3. Simplifier les démarches administratives
Répondre aux besoins des équipes tout en assurant la continuité opérationnelle est un lourd défi, soutient Vincent. Entre deux mouchoirs et réunions de soutien pour son équipe, il a dû s’occuper de toutes les formalités administratives.
« Enregistrer la fin d’emploi dans notre système, ouvrir le poste pour les prochaines semaines, etc. C’était presque déshumaniser mon ancienne collègue », témoigne-t-il.
Automatiser ces processus ou en déléguer la gestion à une équipe RH spécialisée permet aux gestionnaires de se concentrer sur leur rôle humain.
4. Porter une réelle importance à ce drame
En créant des occasions de discussion ou en facilitant l’accès à des groupes de soutien internes, les organisations manifestent leur appui aux membres des équipes touchés par un deuil.

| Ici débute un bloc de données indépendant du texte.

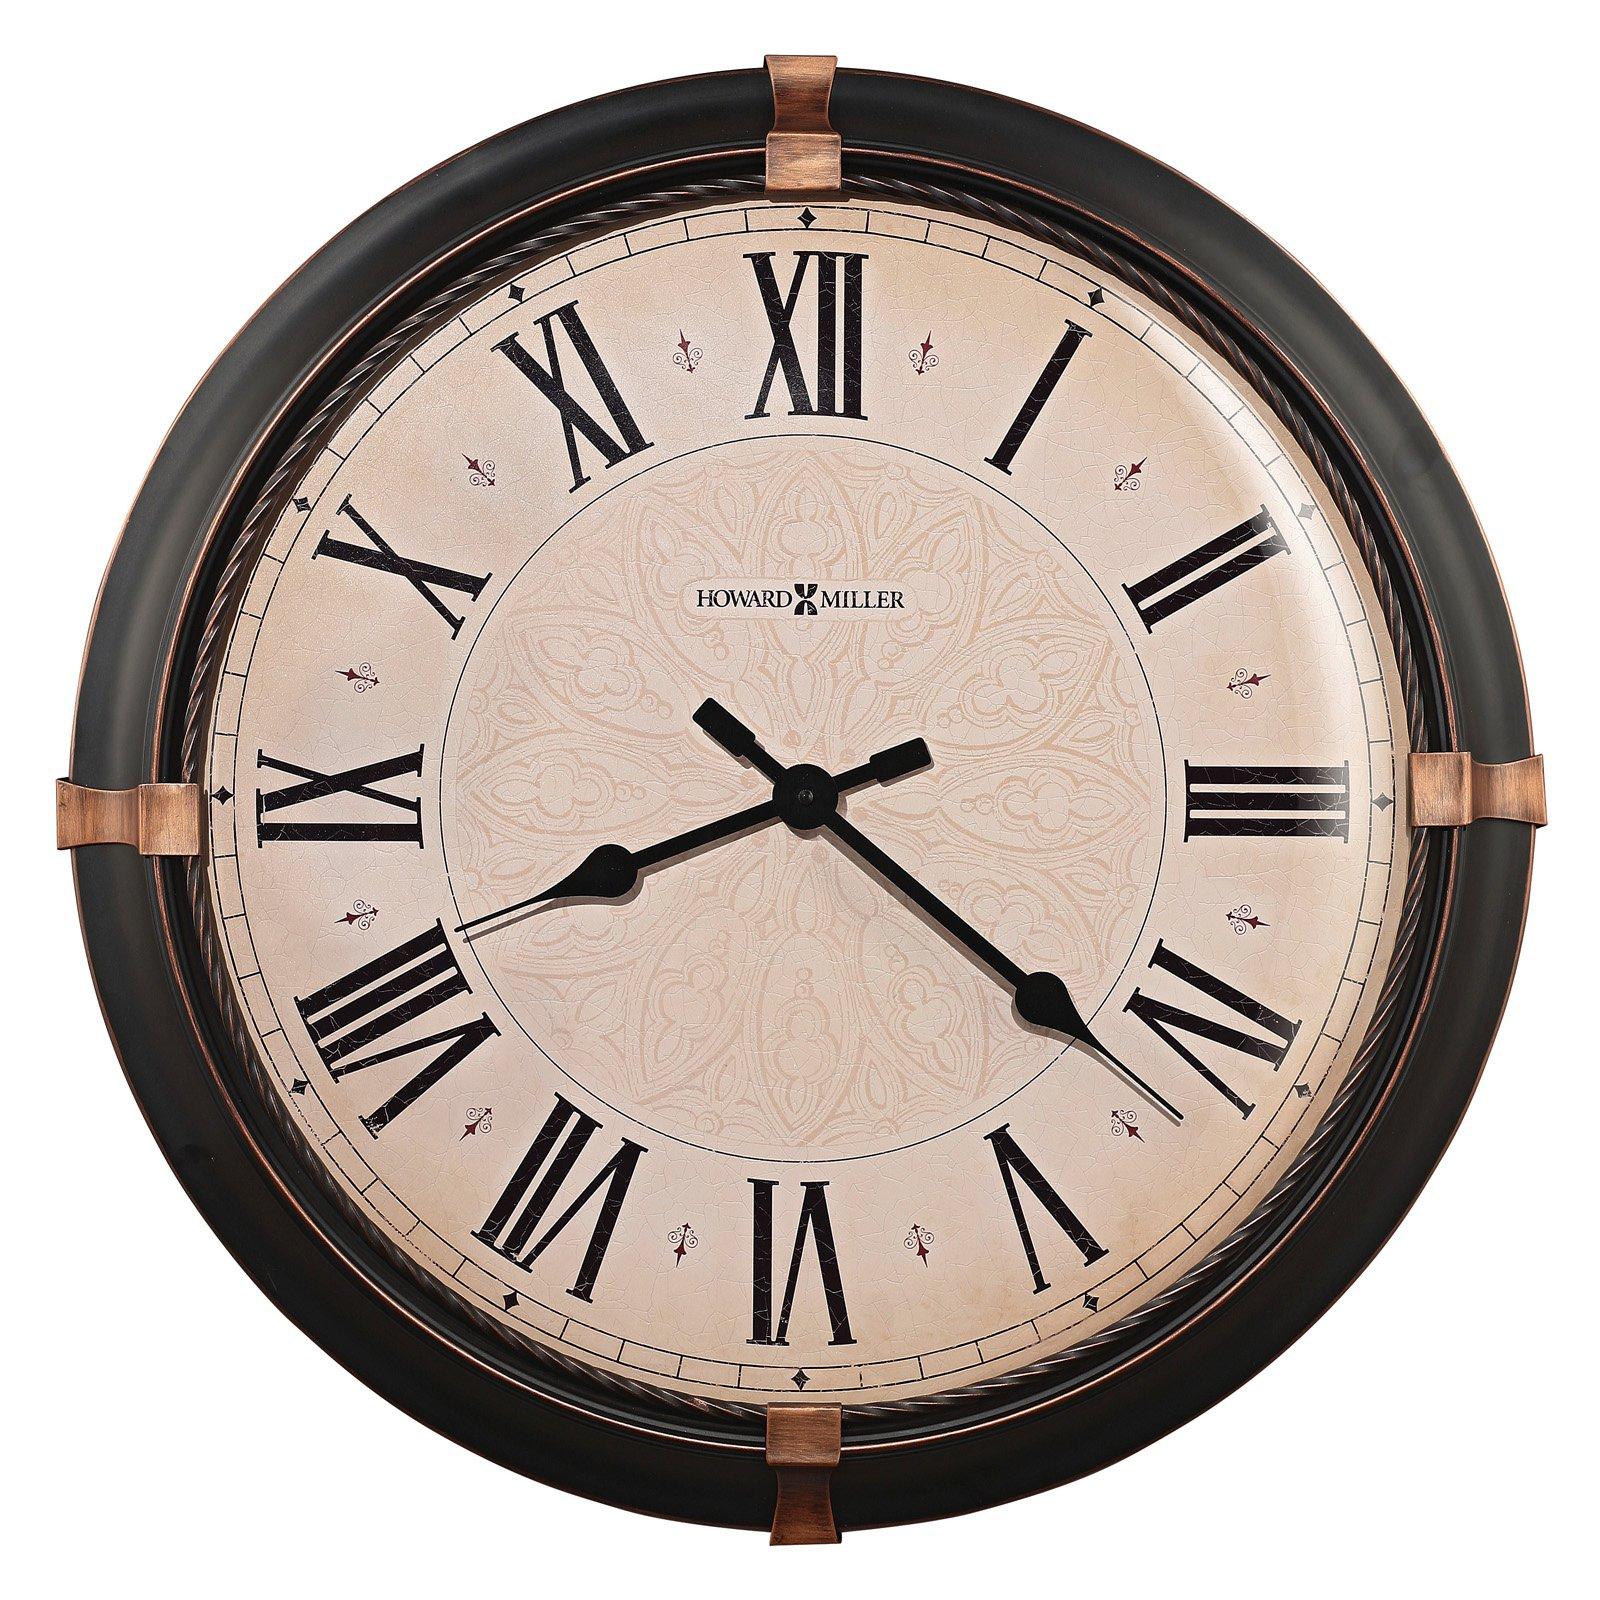 Howard Miller 625-498 Atwater 24 in. Wall Clock by Howard Miller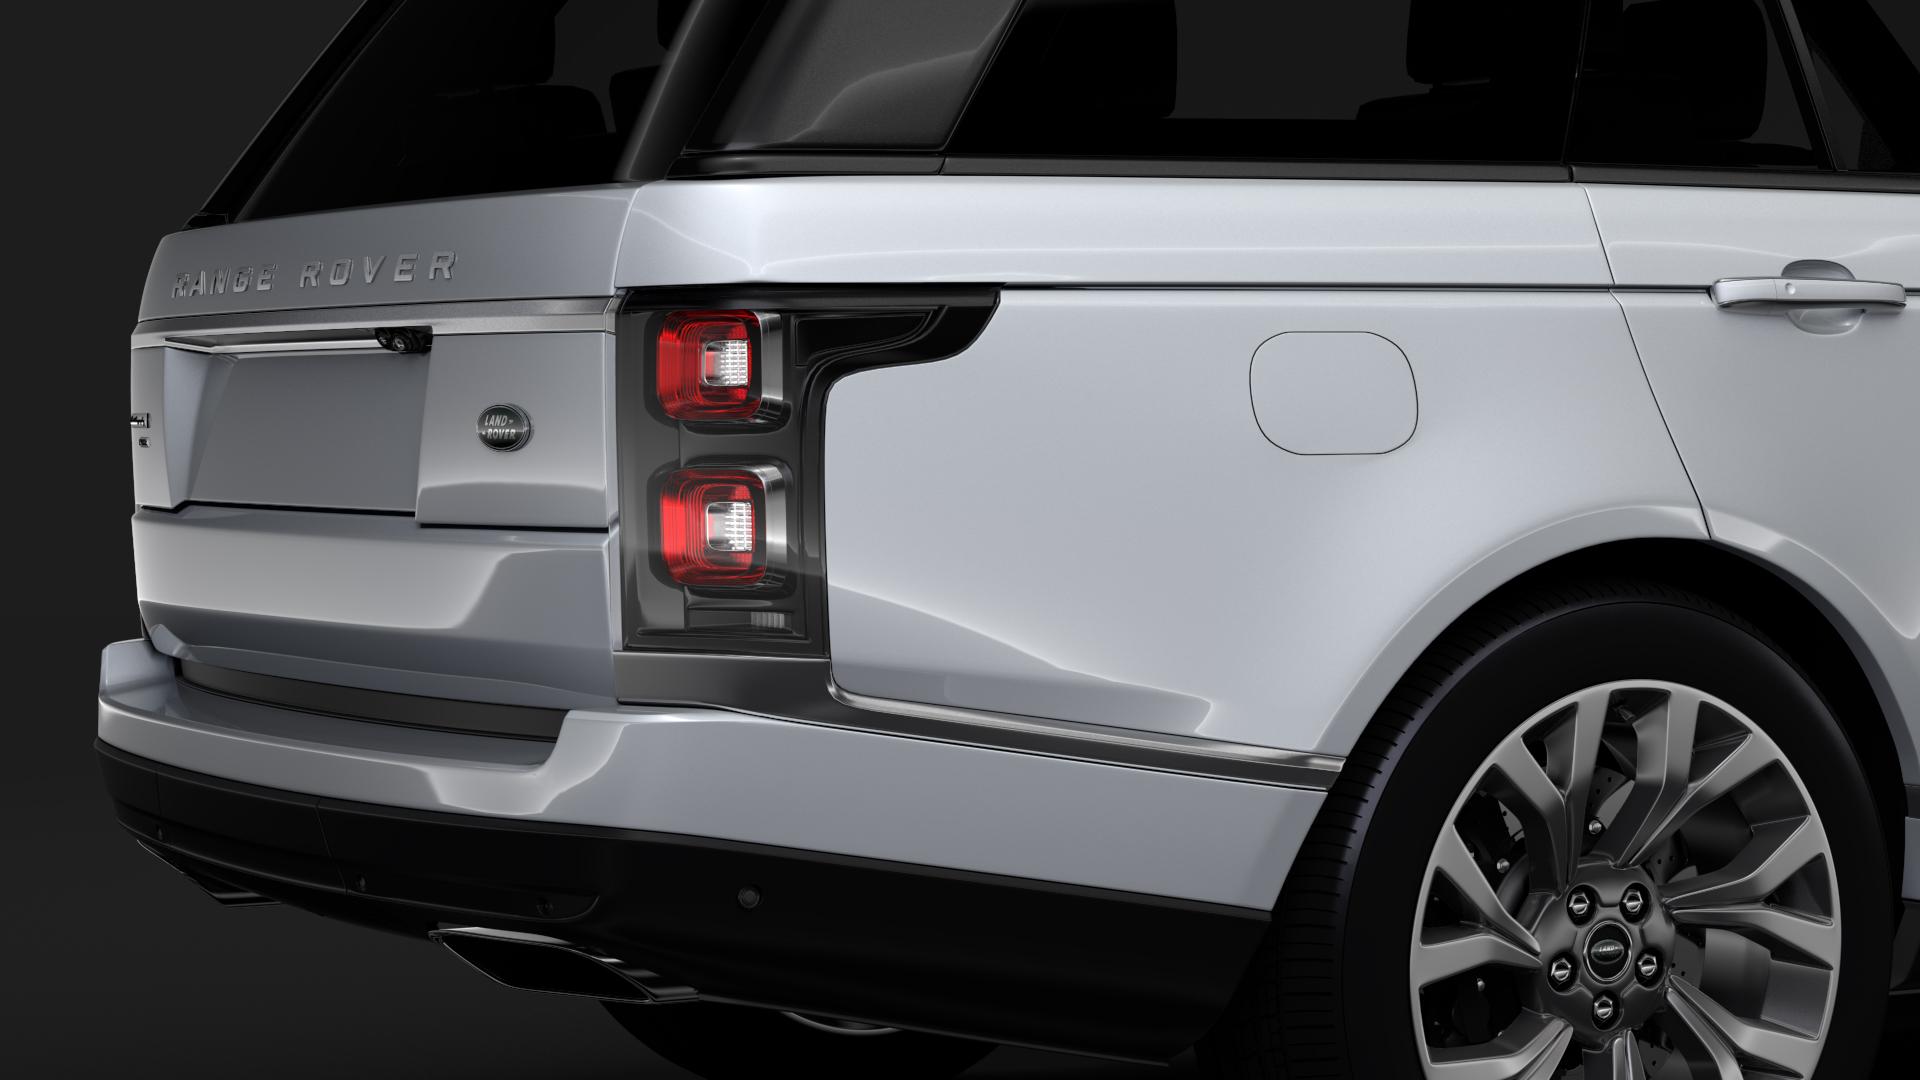 range rover autobiography p400e lwb l405 2018 3d model fbx c4d lwo ma mb hrc xsi obj 277359

5. Accepter que les équipes traversent une période de transition
L’employeur peut informer ses gestionnaires et leurs équipes des arrangements temporaires pouvant être apportés afin de les aider à accomplir leur travail (télétravail, ajustement de l’horaire, adaptation voire réassignation de certains projets, etc.).
Il est également possible de réduire la pression des chef.fe.s d’équipe en établissant clairement avec elles et eux les priorités des prochaines semaines suivants la perte d’un.e salarié.e.
Une enquête du Gouvernement du Canada (2020) révèle que 80 % des employé.e.s estiment que leur employeur devrait disposer d’un protocole pour les soutenir dans les moments de deuil, bien que peu d’entreprises en soient réellement dotées.
Comment les RH peuvent-elles accompagner les équipes endeuillées ?
« Il est crucial d’avoir des politiques claires sur la gestion du deuil en entreprise », estime Mme Goyette. Pour favoriser le mieux-être affectif des employé.e.s, mais aussi pour ne pas devoir mettre en place des étapes administratives en catastrophe.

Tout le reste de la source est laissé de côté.